Results: The positive expression rate of SPAG6 protein (71.43%) in 42 cases of osteosarcoma tissue was significantly higher than that (33.33%) in 12 cases of osteochondroma tissues (p < 0.05), while the positive rate of NM23 protein (35.71%) in osteosarcoma tissue was lower than that (58.33%) in osteochondroma tissue (p < 0.05). The mRNA and protein levels of SPAG6 were significantly higher than those of the adjacent normal tissues, while the expression of NM23 was lower in osteosarcoma tissues than that in the controls (p < 0.05 for all). There was a positive relationship between the expression of SPAG6 and pathological grade, metastasis, and Enneking stage (p < 0.05 for all). The overall survival rate of osteosarcoma patients with SPAG6 positive expression was significantly lower than that with SPAG6 negative expression. The relationship between the expression of NM23 and pathological grade, metastasis, and Enneking stage was negative (p < 0.05 for all). The overall survival rate of the osteosarcoma patients with NM23 positive expression was higher than that of the patients with NM23 negative expression (p < 0.05).

Conclusion: Overexpression of SPAG6 and low expression of NM23 are negatively related to pathological grade, metastasis, and Enneking stage and prognosis of osteosarcoma patients. This suggested that SPAG6 and NM23 should be considered candidate prognostic biomarkers for patients with osteosarcoma.

Keywords: osteosarcoma, SPAG6, NM23, prognosis, overall survival

Introduction

Osteosarcoma (OS), also referred to as osteogenic sarcoma, is the most popular malignant tumor originating in the bones and is more prevalent in males than in females (Mirabello et al., 2009a; Mirabello et al., 2009b; Biermann et al., 2013). The worldwide incidence of osteosarcoma is about 3–4 cases per million each year, about 800 new cases are diagnosed, and half of these are reported in adolescents (Rickel et al., 2017; Assi et al., 2021). Patients with osteosarcoma often have high cancer-related mortality, especially once metastasis to the lungs begins, the 5-year survival rate becomes less than 20% (EESNW Group, 2012; Luetke et al., 2014). In addition to surgery, the use of neoadjuvant chemotherapy and immunotherapy significantly increases the 5-year survival of non-metastasis osteosarcoma patients to approximately 58–75% (Bacci et al., 2005). However, there have been only minimal improvements in the prognosis of metastasis osteosarcoma patients in the last 2 decades (EESNW Group, 2012). Therefore, it is necessary to research novel molecular markers of metastasis and to identify the underlying molecular mechanism of OS evolvement and progression, which will identify a novel therapeutic strategy for patients with OS.

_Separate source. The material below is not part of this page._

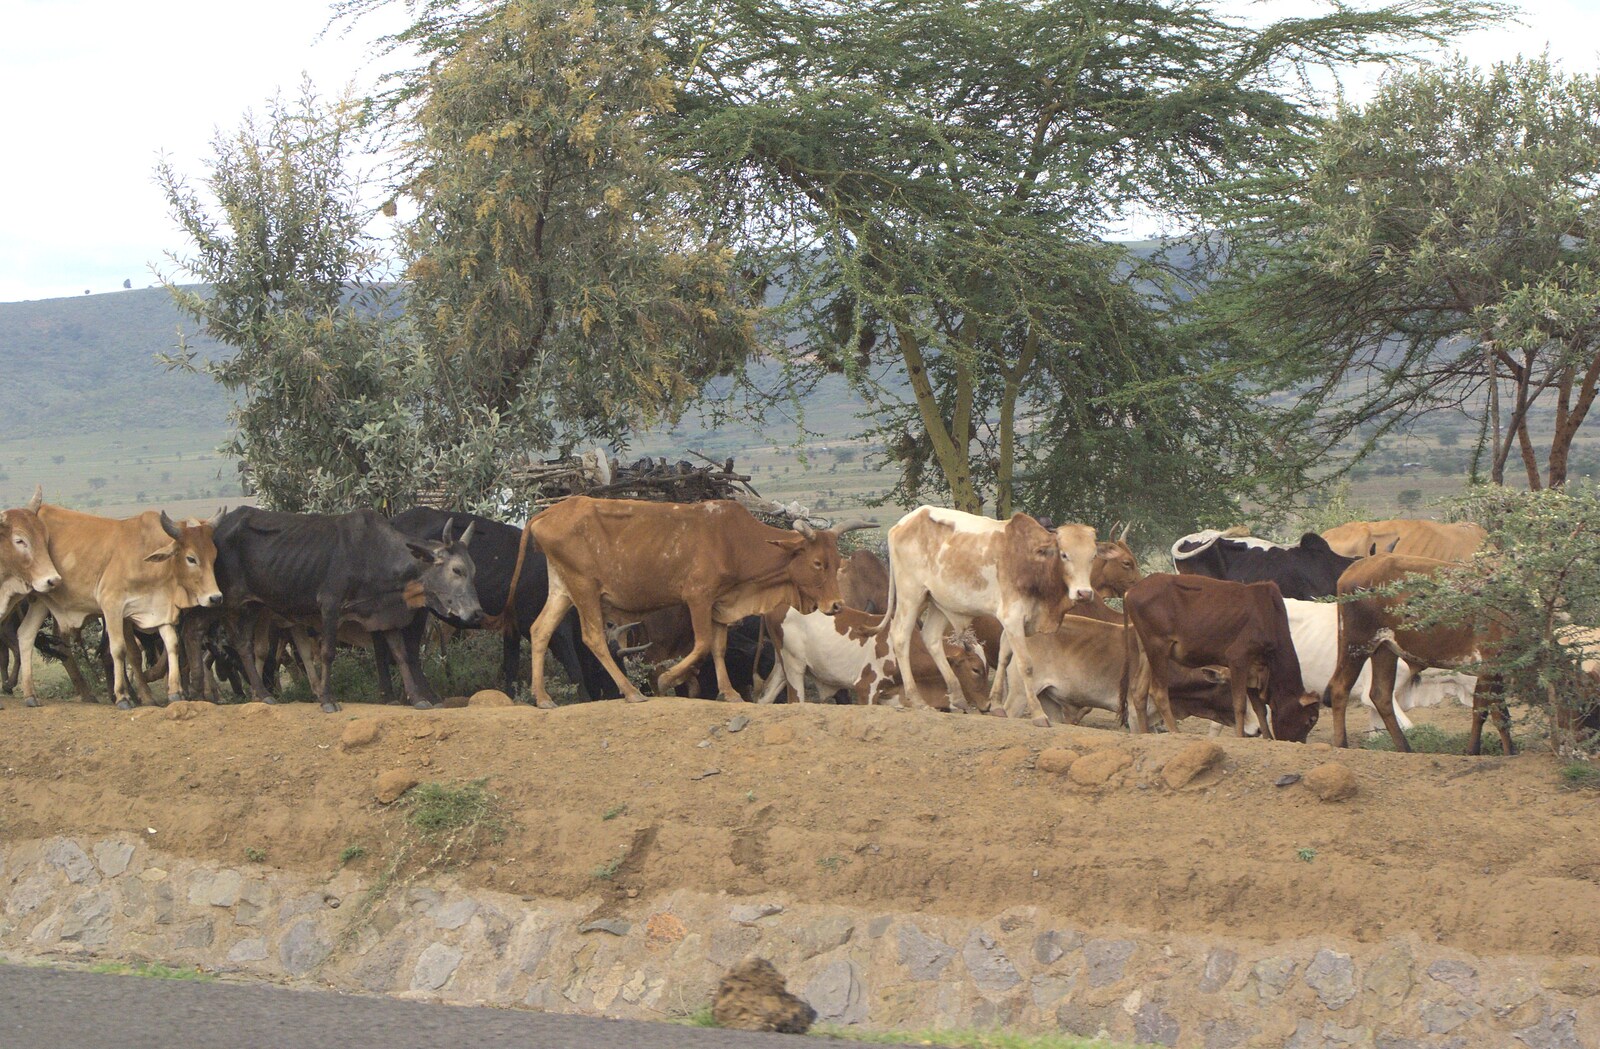 Maasai cattle from Nairobi and the Road to Maasai Mara, Kenya, Africa - 1st November 2010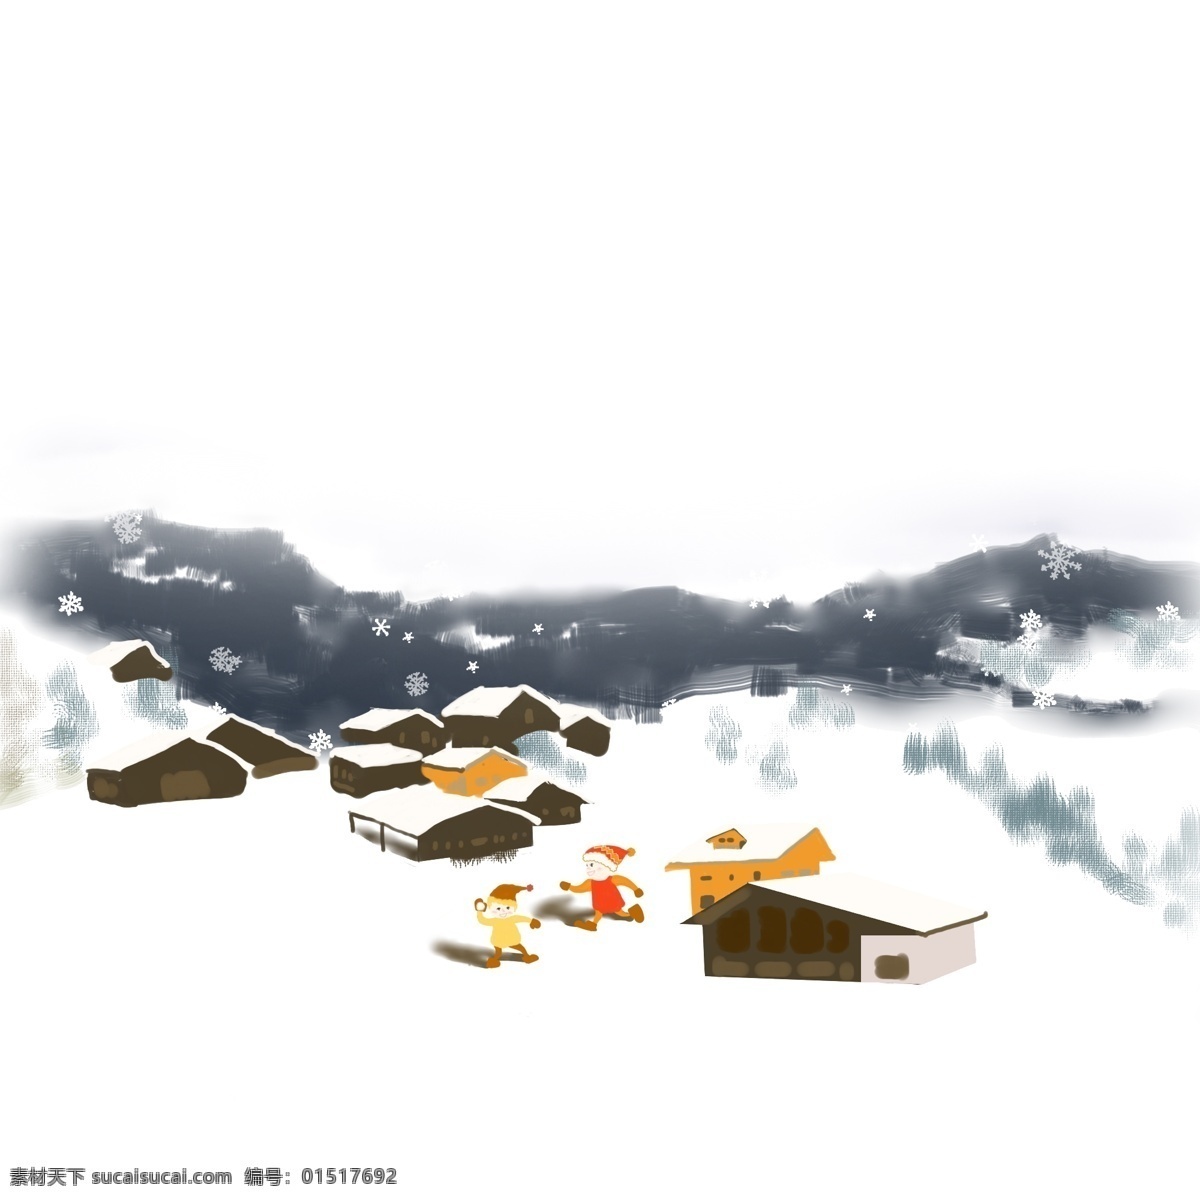 冬季 冷 色系 卡通 手绘 风格 雪景 免 扣 漫天 飞舞 雪花 洁白的地面 鹅毛大雪 森林 温暖的小屋子 美丽的雪景 圣洁的环境

Sperm-associated antigen 6 (SPAG6) gene, first identified in human testicular tissue, also named CT141 and pf16, is considered a cancer-testis antigen (CTA) and involved in many cancers (Abe et al., 2008; Silina et al., 2011; Coan et al., 2018; Jiang et al., 2019). Many studies’ results have shown that SPAG6 plays a critical role in tumor involvement and progression, especially in myelodysplastic syndrome (MDSC), the common hematological malignancies, and SPAG6 levels were significantly higher than those in solid tumors (Barretina et al., 2019). The aberrant expression of SPAG6 has been found in neuroblastoma (NBL) cell lines, serous ovarian cancer (HGSOC) samples, myeloid SKM-1 and K562 cell lines, breast cancer tissues, bladder cancer tissues, and non-small-cell lung cancer (NSCLC) samples (Abe et al., 2008; Kitchen et al., 2015; Altenberger et al., 2017; Coan et al., 2018; Jiang et al., 2019). Non-metastasis 23 (NM23) plays a suppressive role in tumor metastasis (Carotenuto et al., 2015). Studies have confirmed that the low expression of NM23 is positively related to metastasis and irradiation (Xi et al., 2019; Wang et al., 2021). Until now, there are few reports about the association of the expression of SPAG6 and NM23 with the metastasis and prognosis of osteosarcoma, and the precise role of SPAG6 is unclear.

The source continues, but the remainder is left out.